-- THE DATA --
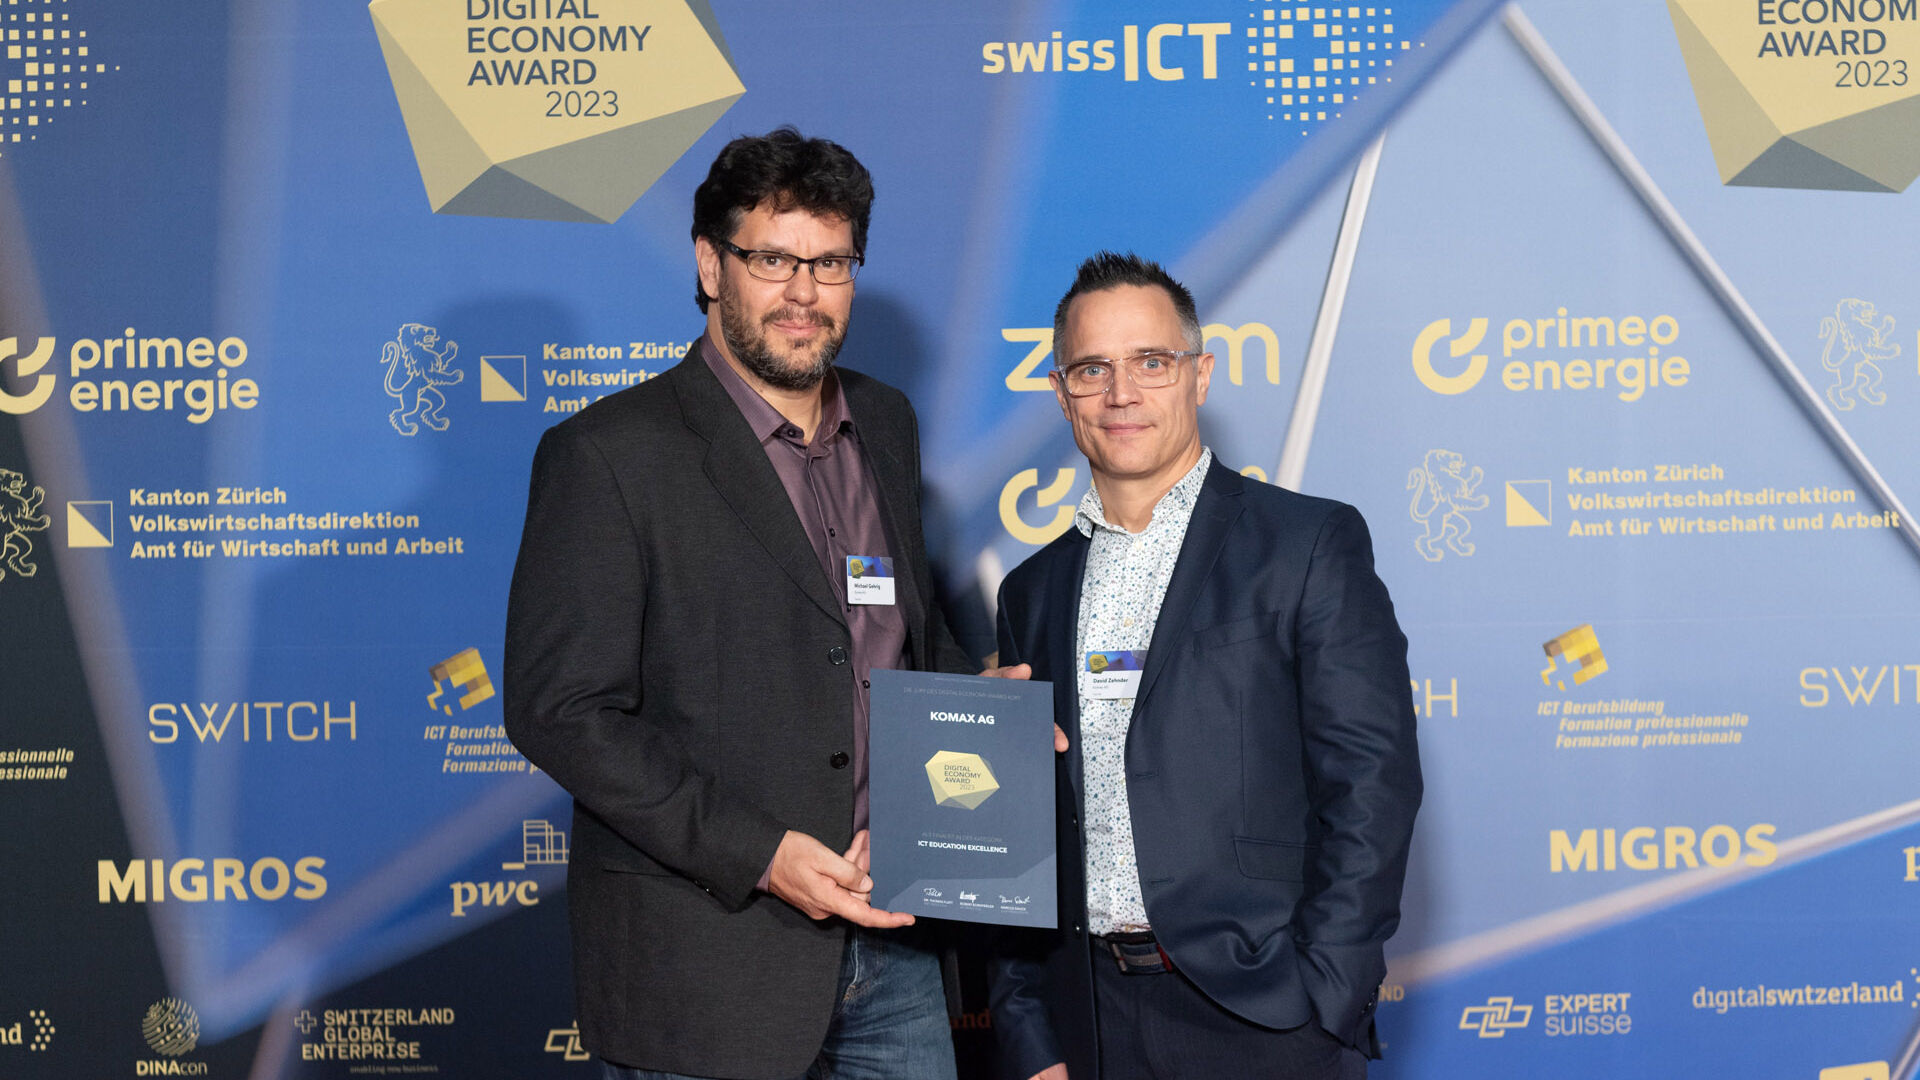 Çmimi i Ekonomisë Dixhitale: fotogaleria e ceremonisë së çmimeve në Hallenstadion në Cyrih në Zvicër më 16 nëntor 2023
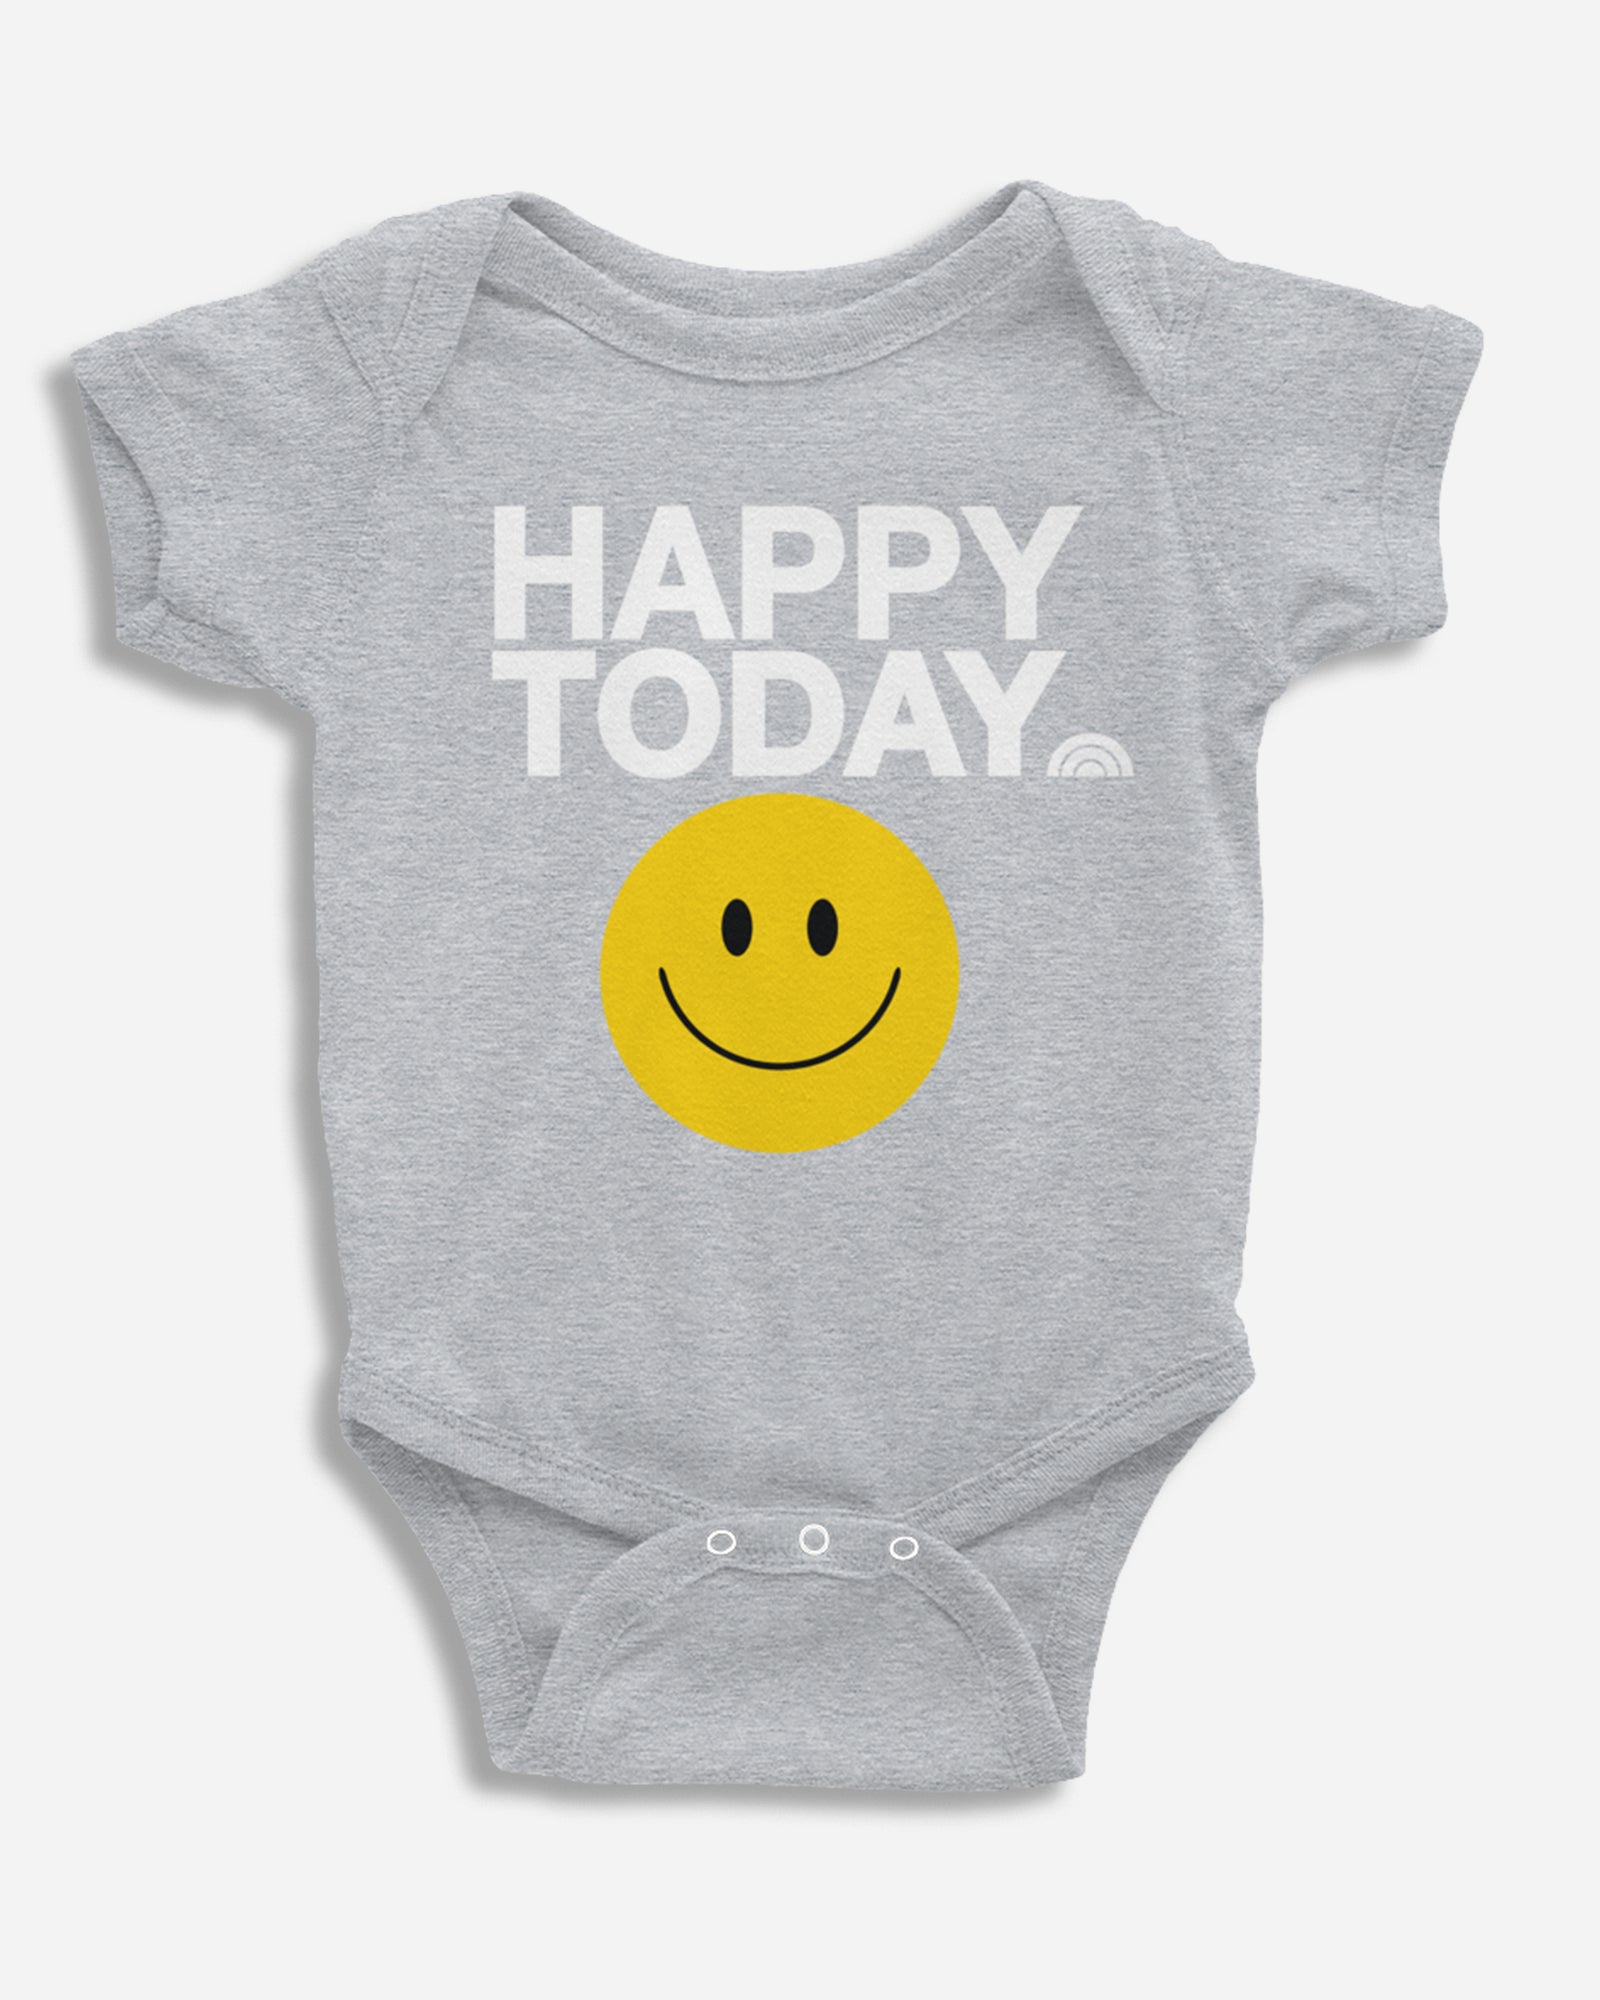 TODAY Happy Today Baby Bodysuit
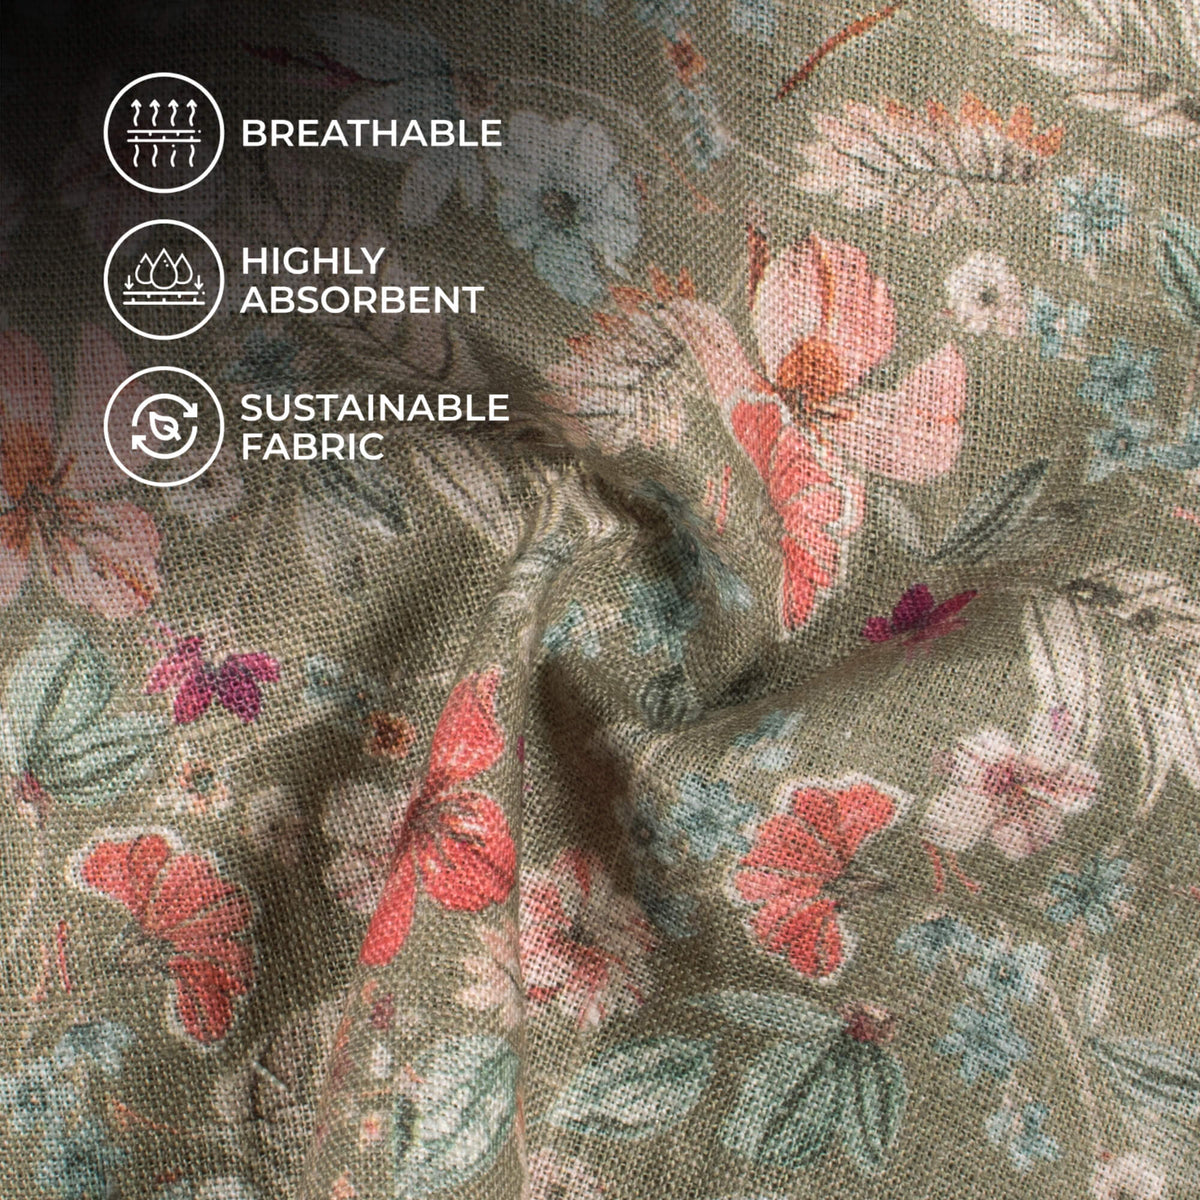 Linenbuy Summer Floral Linen Fabric Digitally Printed Medium

-- TASK DETAILS --
Exactly and only the lines from the one holding "TODAY Happy Today Baby Bodysuit" through the final line of the material must be returned, both ends included, without any pictures.

-- EXERCISE ANSWER --
 TODAY Happy Today Baby Bodysuit
 Linenbuy Summer Floral Linen Fabric Digitally Printed Medium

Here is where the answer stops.